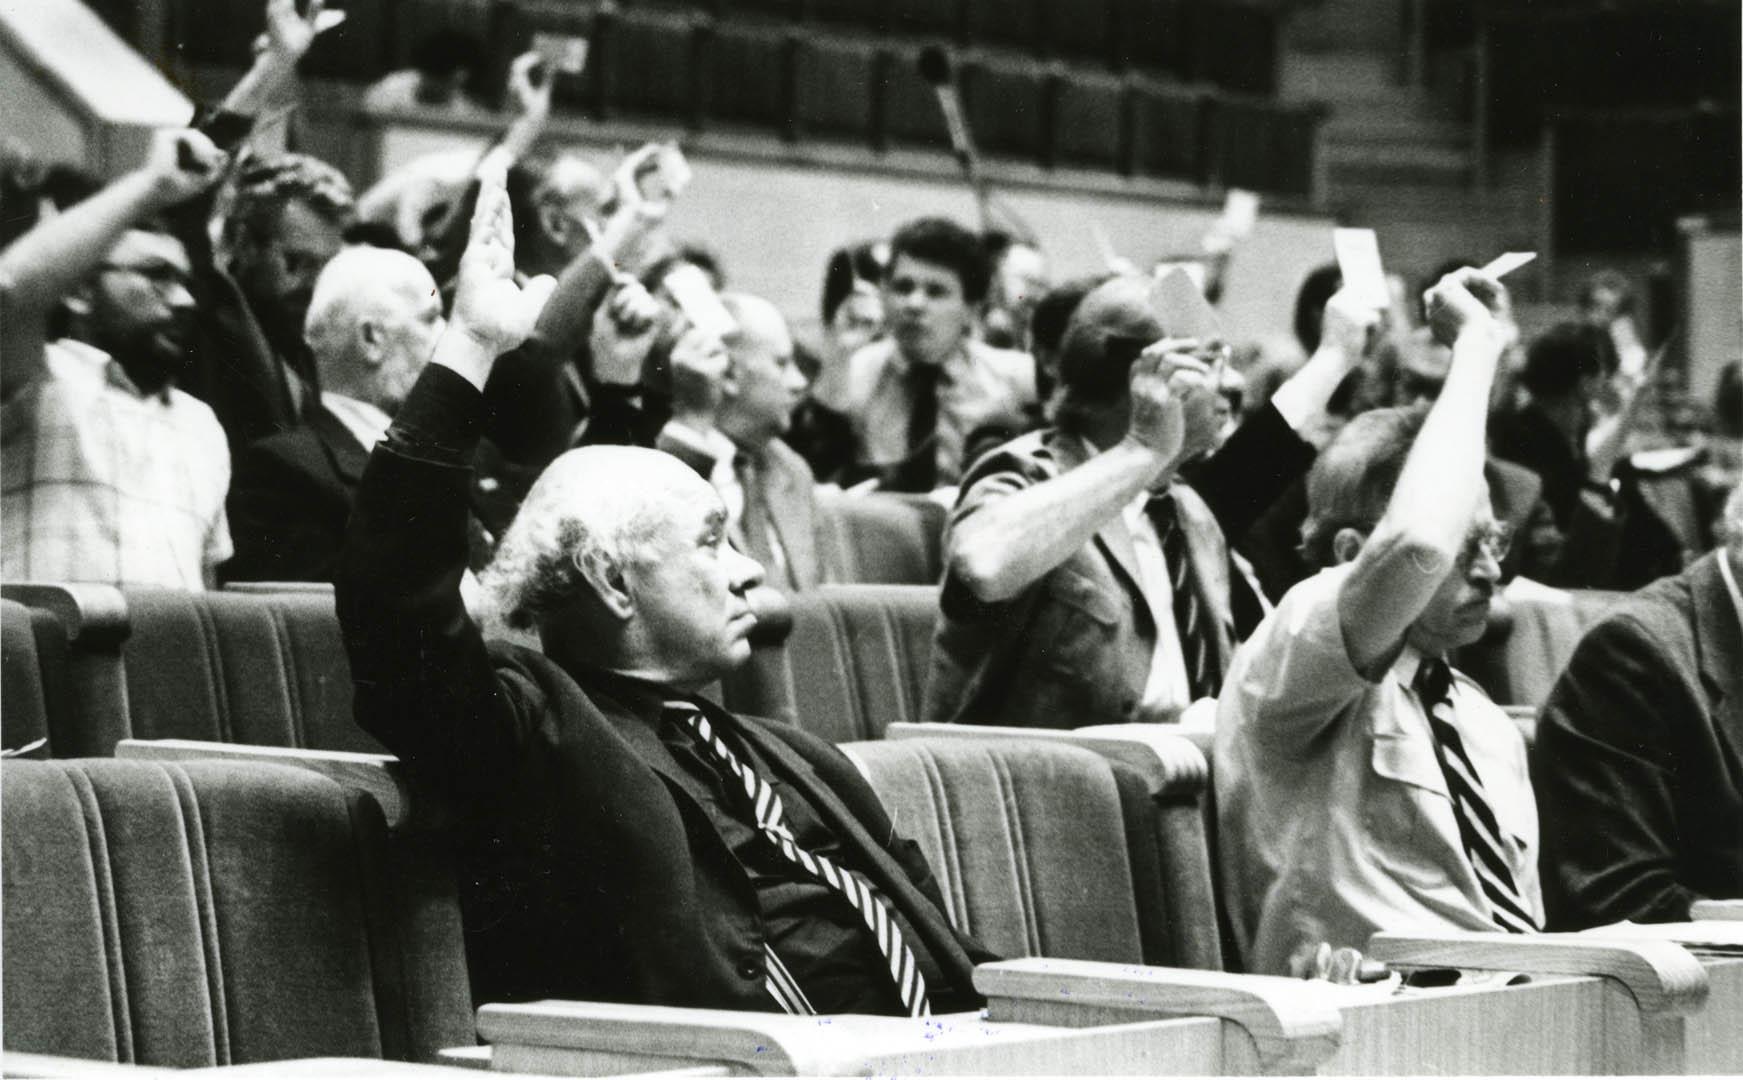 B. Genzelio asmeninio archyvo nuotrauka. 1990 m. Lietuvos Respublikos Aukščiausiosios Tarybos – Atkuriamojo Seimo posėdis.
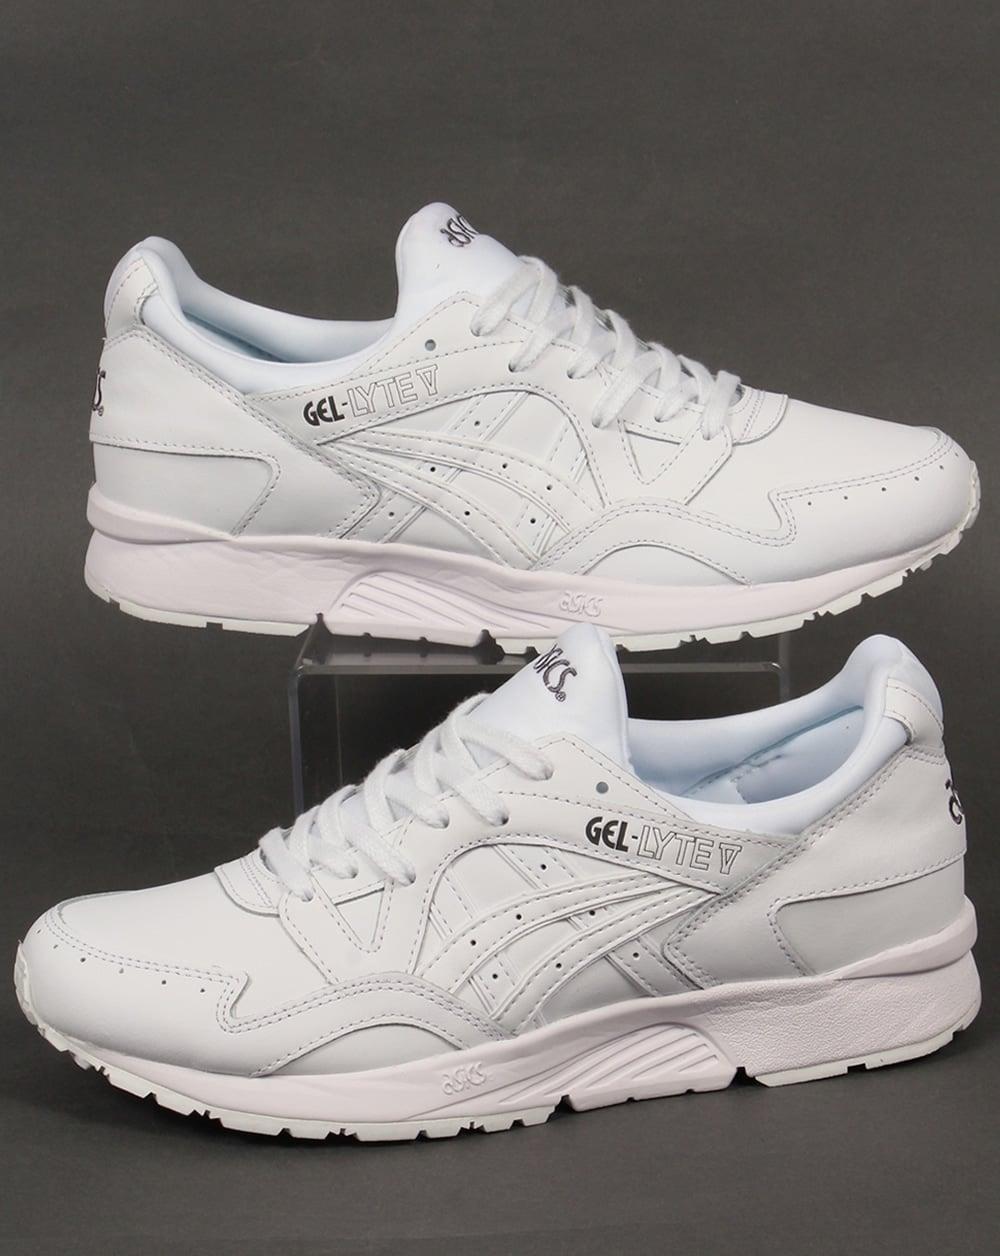 9cb0fd1130c7 Asics Asics Gel Lyte V Leather Trainers White
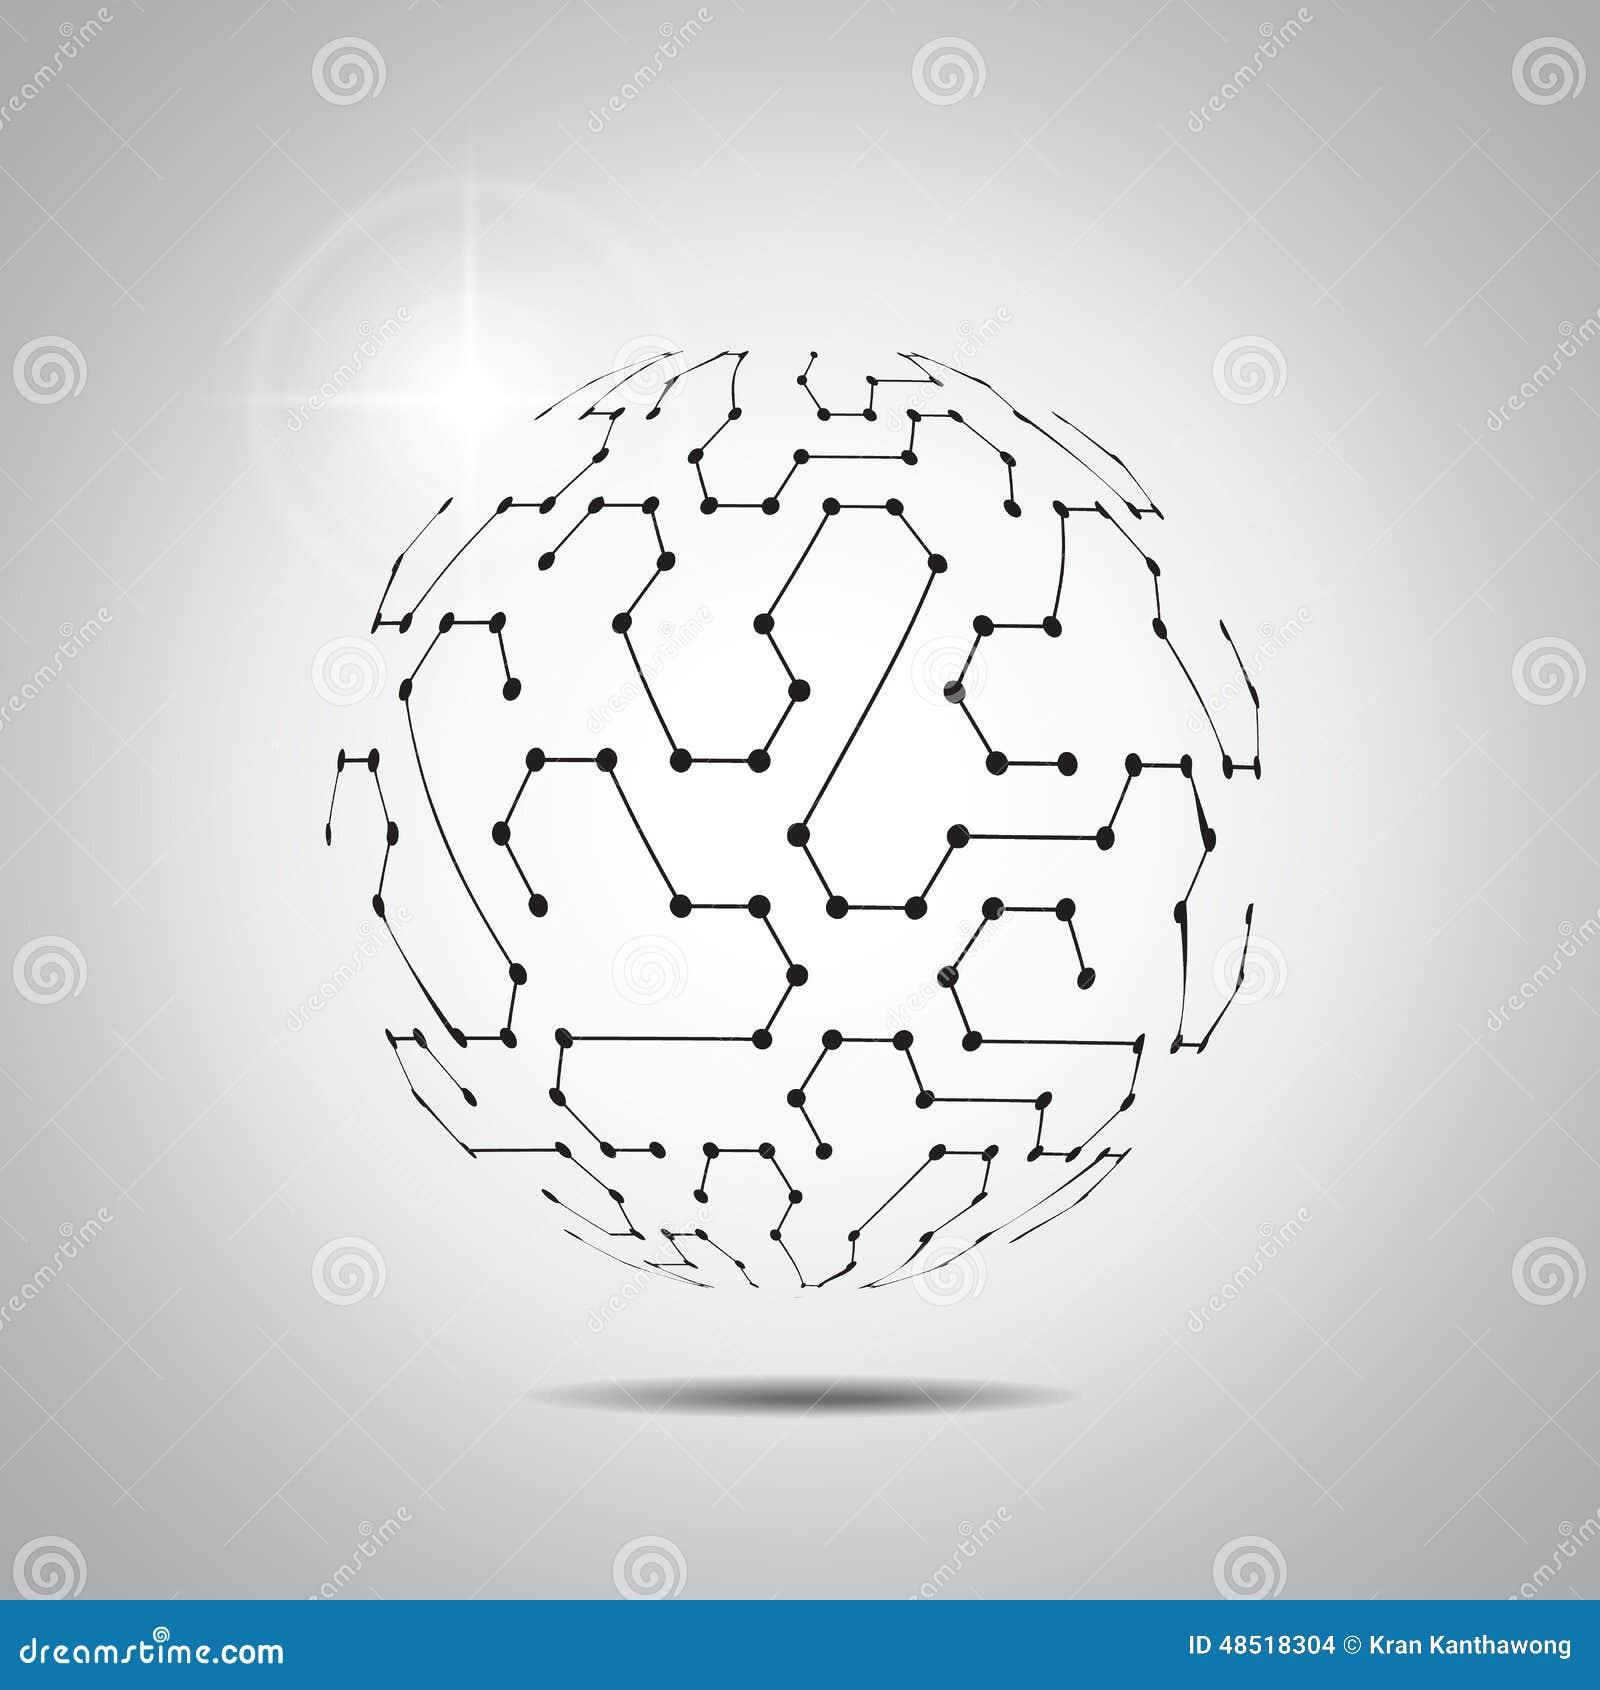 Abstrakter vektorhintergrund Futuristische Technologieart Eleganter Hintergrund für Geschäftstechnologiedarstellungen

**WHAT IS NEEDED**
Pictures aside, please output the whole listing exactly as it appears above.

**WRITTEN REPLY**
 B. Genzelio asmeninio archyvo nuotrauka. 1990 m. Lietuvos Respublikos Aukščiausiosios Tarybos – Atkuriamojo Seimo posėdis.
 9cb0fd1130c7 Asics Asics Gel Lyte V Leather Trainers White
 Abstrakter vektorhintergrund Futuristische Technologieart Eleganter Hintergrund für Geschäftstechnologiedarstellungen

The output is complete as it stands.